LLM OpenAI Notebook
This repository contains Jupyter notebooks to explore and utilize OpenAI's Large Language Models (LLMs) for various applications, including chatbots, retrieval-augmented generation, text generation, prompt engineering, and vector embedding. These notebooks provide a comprehensive toolkit for working with OpenAI models in diverse contexts.
Repository Structure
- OPENAI-CHAT.ipynb: Demonstrates the setup of a chatbot using OpenAI models, focusing on conversational interactions and response generation.
- OPENAI-RAG.ipynb: Implements Retrieval-Augmented Generation (RAG), combining retrieval of relevant data with OpenAI model responses for context-aware answers.

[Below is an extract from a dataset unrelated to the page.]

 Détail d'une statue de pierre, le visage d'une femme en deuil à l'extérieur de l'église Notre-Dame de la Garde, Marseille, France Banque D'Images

- OPENAI-TEXTGEN.ipynb: Focuses on text generation using OpenAI models, suitable for creative writing, content creation, and informative text outputs.
- OPENAI_PROMPTING.ipynb: Provides methods and techniques for effective prompt engineering, demonstrating how to optimize prompts to guide model behavior.

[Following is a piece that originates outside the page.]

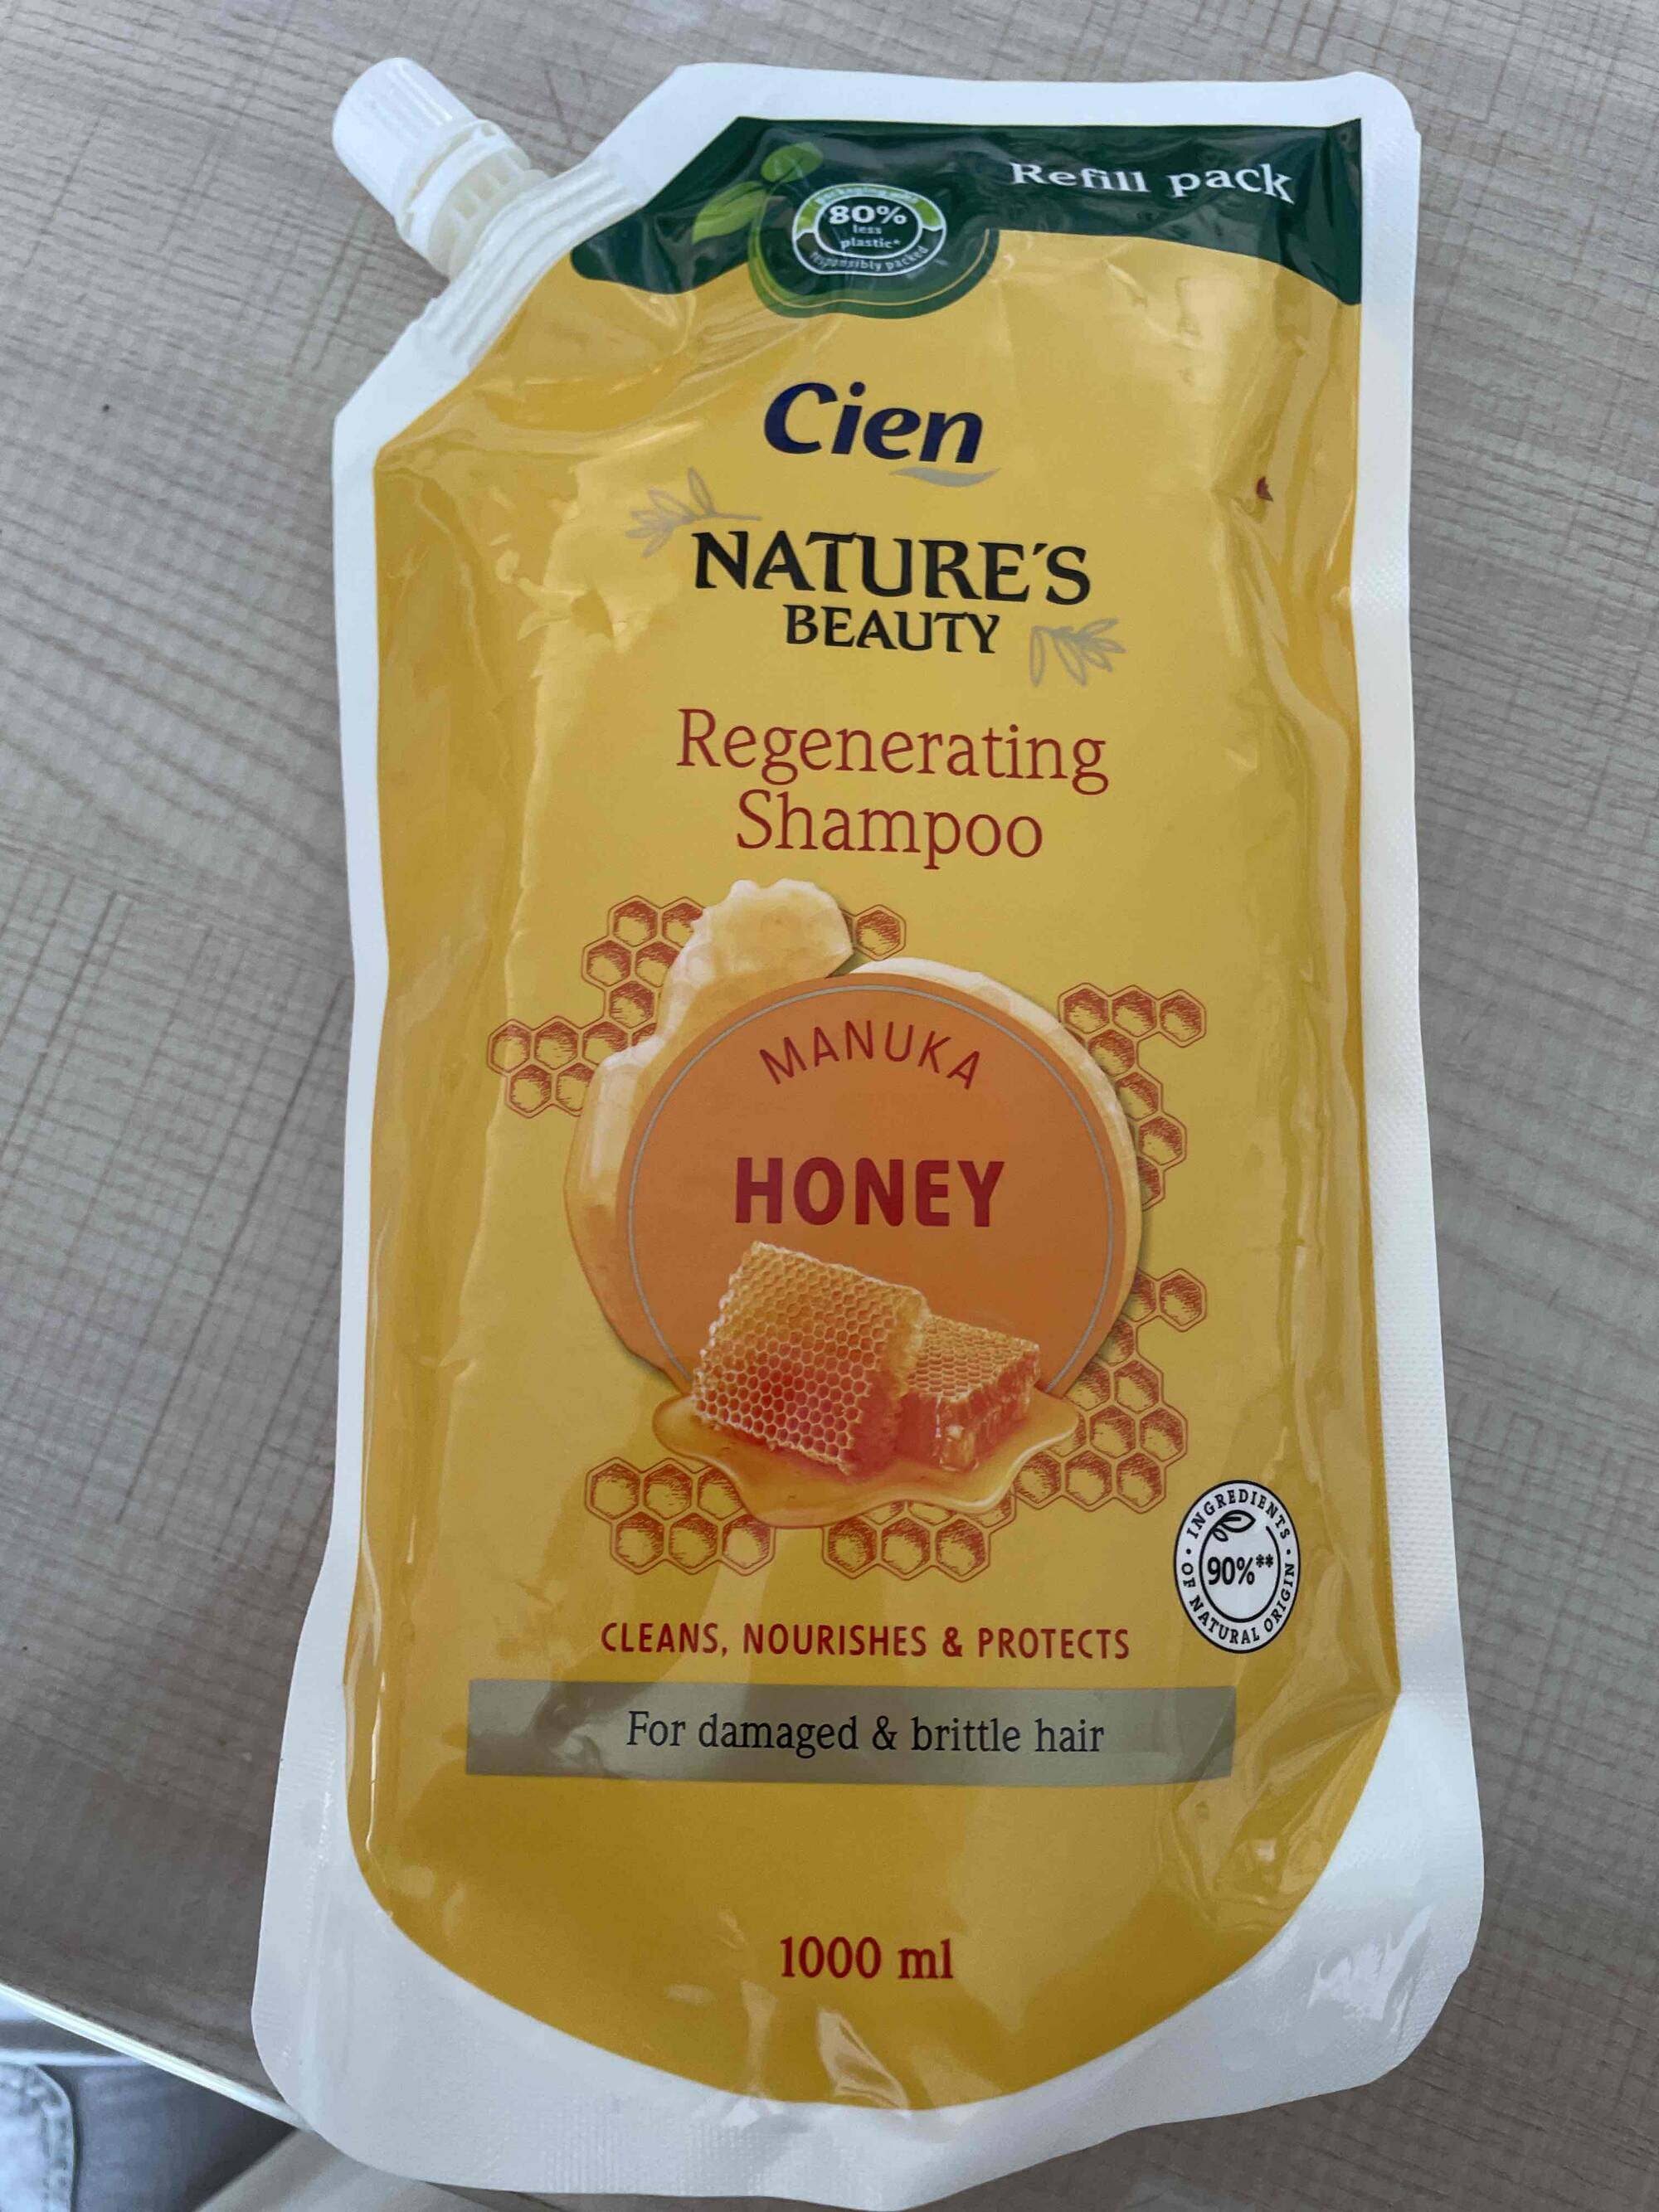 CIEN - Nature's beauty - Regenerating shampoo

- OPENAI_REFERENCE_RAG.ipynb: An advanced notebook on Retrieval-Augmented Generation that includes reference material integration for highly accurate responses.
- OPENAI_VECTOR_EMB.ipynb: Explores vector embeddings with OpenAI models, showcasing how to use embeddings for similarity search, clustering, and other applications in natural language processing.
Getting Started
Prerequisites
To run these notebooks, you will need:
- Python 3.8+
- Jupyter Notebook
- Dependencies listed in
requirements.txt
Installation
-
Clone the repository:
git clone https://github.com/simonpierreboucher/llm_openai_notebook.git
cd llm_openai_notebook
-
Install the dependencies:
pip install -r requirements.txt
Running the Notebooks
- Start Jupyter Notebook: Open Jupyter by navigating to the repository folder and running:
- Select a Notebook: Open any of the notebooks to explore functionalities such as chat, RAG, or text generation.
- Follow Instructions: Each notebook contains instructions and steps for interacting with OpenAI models in the respective application.
Use Cases
- Chatbot Development: With
OPENAI-CHAT.ipynb and OPENAI_PROMPTING.ipynb, you can create and optimize a conversational agent.
- Information Retrieval: Use
OPENAI-RAG.ipynb and OPENAI_REFERENCE_RAG.ipynb for applications that require accurate, source-grounded responses.
- Content Creation:
OPENAI-TEXTGEN.ipynb provides tools for generating creative or informational content.
- Embedding and Similarity Search:
OPENAI_VECTOR_EMB.ipynb is ideal for NLP tasks involving similarity matching, clustering, and more.
Contributing
We welcome contributions! Feel free to submit issues or pull requests to enhance the functionality, add features, or fix bugs.
License
This repository is licensed under the MIT License.